Monday, February 28, 2011

Keeping up with the Daughters

Last night's Oscars kept me up way past my usual bedtime, and boy am I paying for it today!  I kind of had to stay up--out of keen interest in any of the movies (the only nominee I saw this year was "Toy Story 3" and that was on a seat-back screen on the flight across the Atlantic!). Really, I stayed up because we had guests with us specifically for the Oscars, and because this is my only real "media literacy" education, aside from living with Sr Helena, who is a walking media literacy textbook. Except they don't really use "text" books for media literacy... Of course, just watching Sr. Helena watch the Oscars was entertaining. She was tweeting during the Oscars (you can find her tweets here), and whenever a nominee was named that she thought was especially deserving, she would stand up behind the computer with her arms waving, shouting out cheers.
We almost missed her for the Oscars, though: she and our "vocations team" (I guess it's more correct to call them the "discernment team") were with the postulants in Aggie Land last week in what has become a kind of annual tradition. The discernment team holds there own annual meeting right at the Catholic Center at Texas A&M, but they combine it with some live action in terms of meeting actual discerners (or would-be discerners) and other young adults in their natural environment. Sr Helena just got back on Saturday, but not after an interesting encounter in the Houston airport: a Cardinal (from the Vatican!) was passing through with a small entourage after some meetings. He saw Sr Helena hunched over her keyboard in the airport cafe, editing video with headphones on, oblivious to all else, and basically stood in front of her until she noticed him. If I am not mistaken, when I was in Rome, it was this same Paolo Sardi who, as a "lowly" bishop, would say the 7:00 Mass at St. Peter's, on the altar in the right transcept. He gave such fabulous (and brief! not even 2 minutes!) homilies, the nuns who had been waiting for the basilica gates to open up (7 on the dot) would literally hike up their habits and run up the aisle of St. Peter's to get to his Mass. (The celebrants had their own entrance and were usually already more than halfway to the altar, accompanied by two chierichetti, by the time the front doors were opened.) So there was Cardinal Sardi, witnessing the Pauline charism at full speed ahead.

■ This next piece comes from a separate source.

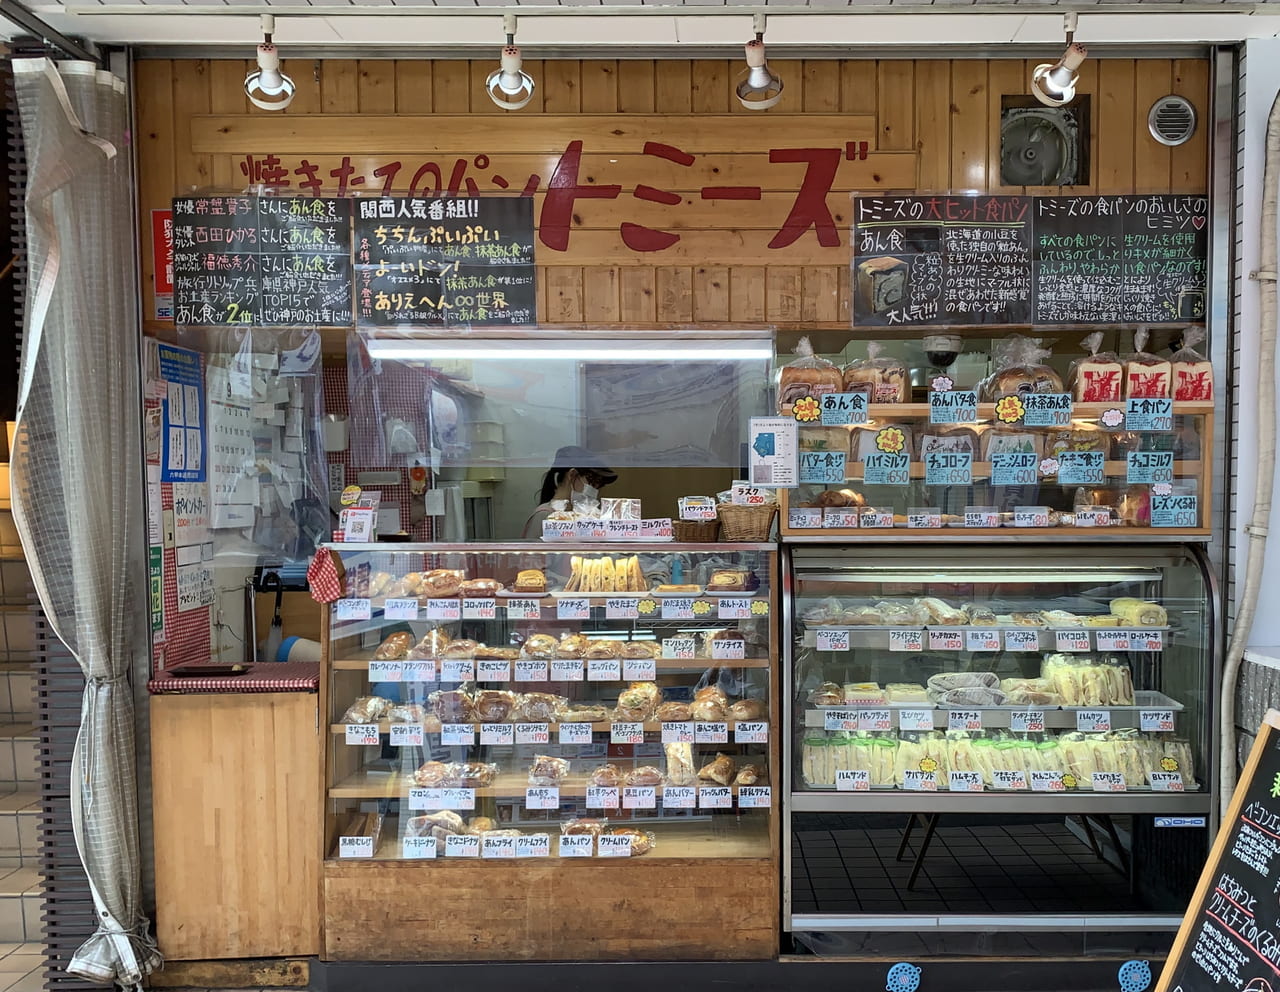 神戸市灘区 東灘区 トミーズのあん食 が 兵庫県人が愛するスイーツとして 秘密のケンミンshowで紹介されるみたい 号外net 神戸市灘区 東灘区
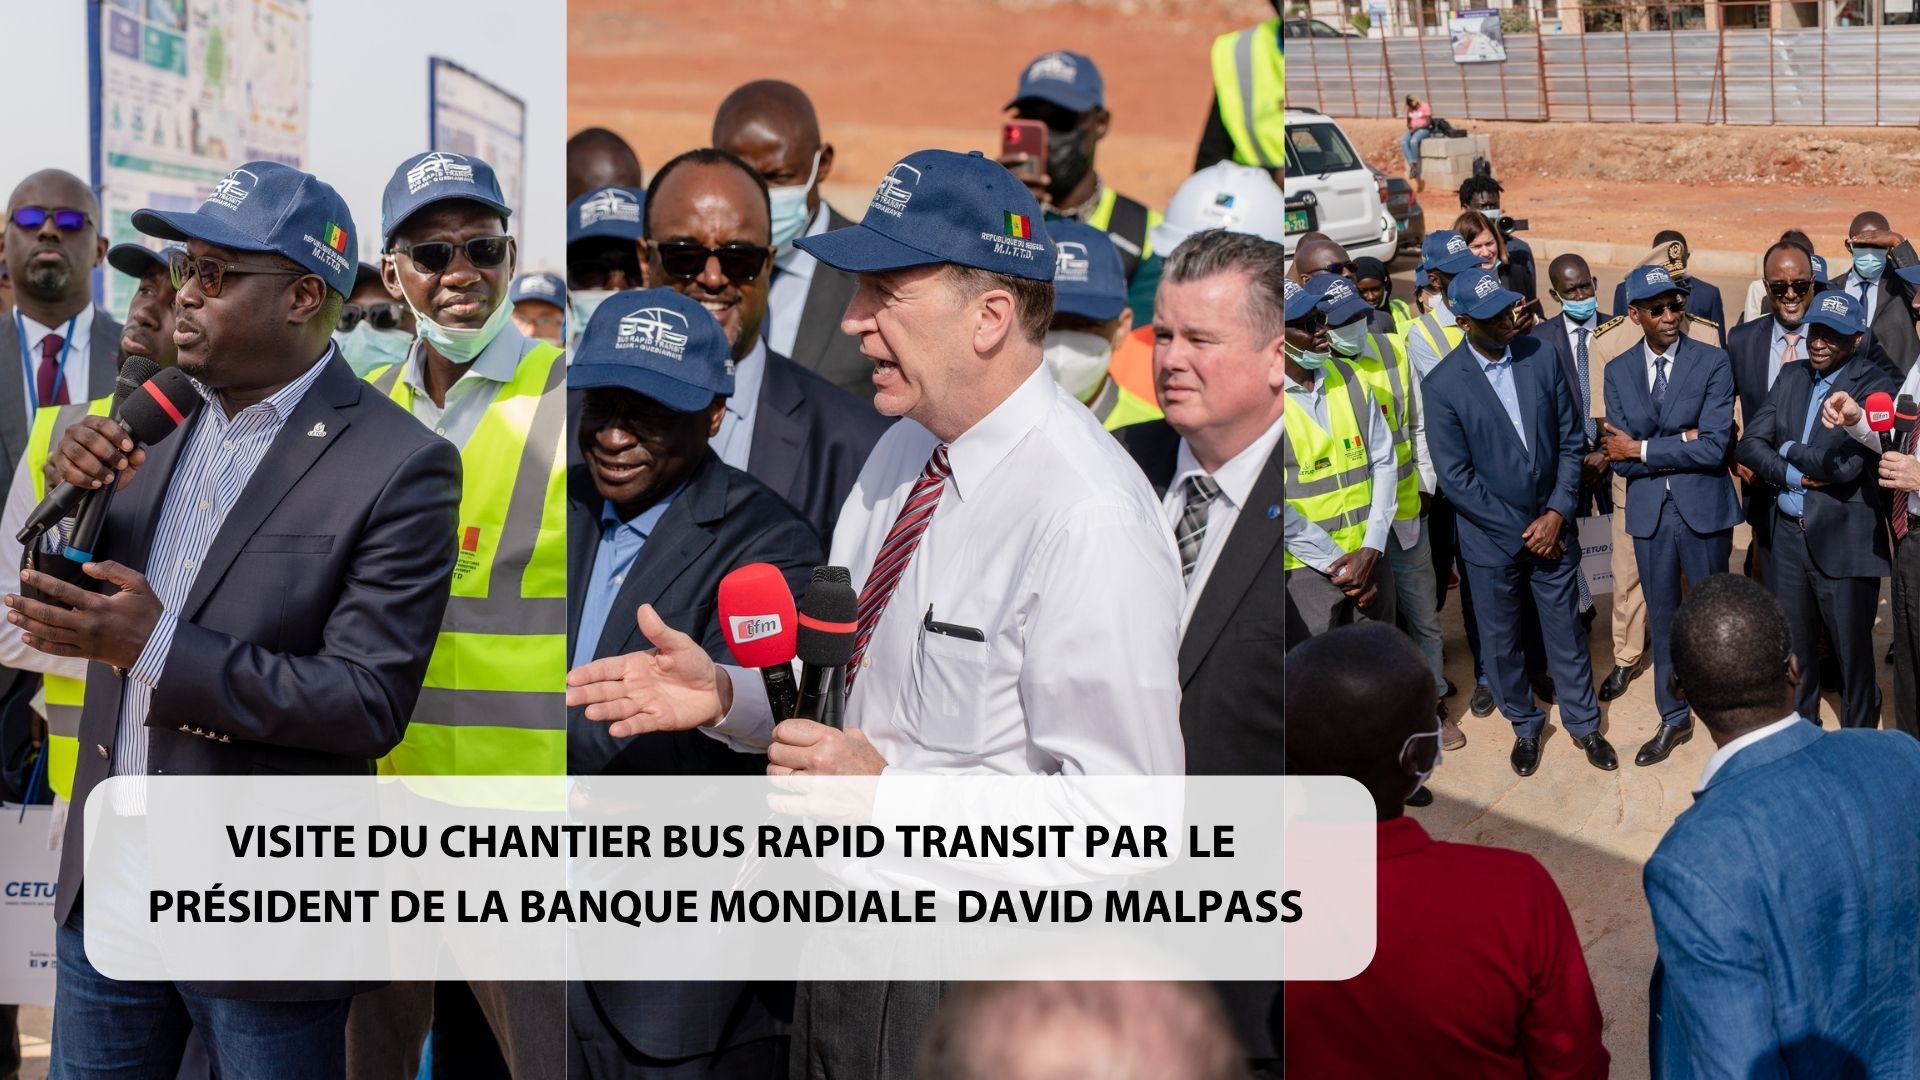 Visite du chantier Bus Rapid Transit de Dakar par le Président de la Banque mondiale David Malpass

Before leaving, he gave Sr Helena one of the new papal rosaries with Pope Benedict's coat of arms in the centerpiece and on the rosary case. (Somehow she forgot to mention that she had four sisters at home in Chicago...)

1 comment:

Anonymous said...

How many of those four sisters back in Chicago would have risked losing that precious gift by mentioning that there were four pairs of outstretched hands on Michigan Avenue vieing for the same prize. And how likely is it that Sr. would have refused to accept the gift because of that reality. Hey, Lent is just around the corner and she caught the beads fair and square. Happy Mardi Gras.